Let’s look at how to upload a file to a FastAPI route. It’s going to be easy!

For my app I need the Angular front-end to upload a PDF document to the FastAPI route defined at

@router.post("/", tags=["Documents"], response_model=schemas.IdResult)
@security.authorize(roles='admin,system,user')
async def upload_pdf(data:schemas.DocumentForm = Depends(schemas.DocumentForm.as_form),  db: Session = Depends(get_db), token_data:TokenData=Depends(security.get_token_data)):                
    #some code removed
    thistd = uuid.uuid1(0,0).hex                
    file_contents = data.pdf_file.file.read()       
    base_folder = os.path.join(Config.BASE_FILES_DIRECTORY, thistd)        
    os.makedirs(base_folder)
    file_name = f"{os.path.join(base_folder,thistd)}.pdf"
    with open(file_name,'wb') as f:                
        f.write(file_contents)                
    return schemas.IdResult(id=thistd, filename=data.pdf_file.filename)

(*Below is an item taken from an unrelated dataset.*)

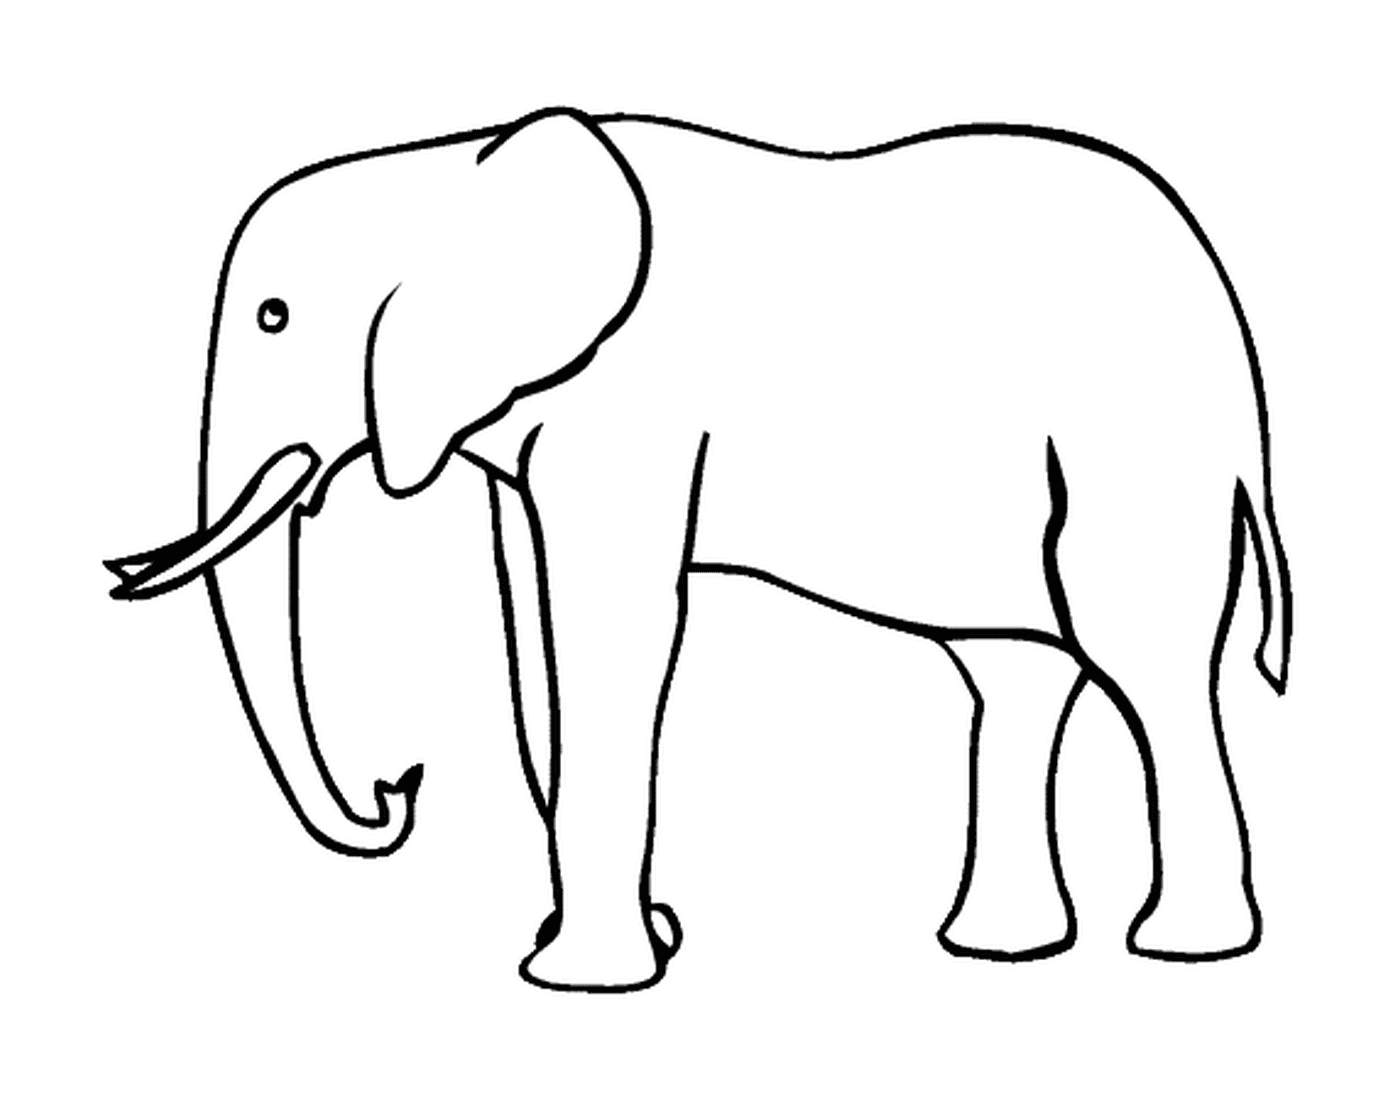  An elephant silhouette with tusks

Here all I’m doing is generating a unique id for the uploaded file. The key here is the form used in the upload. The form the client uses is

class DocumentForm(BaseModel):
    title:str
    pdf_file:UploadFile    
    
    @classmethod
    def as_form(
            cls, title:str=Form(...),
                pdf_file:UploadFile = File(...)):
        return cls(title=title,pdf_file=pdf_file)

This results in the following OpenAPI screen

upload

There you have it.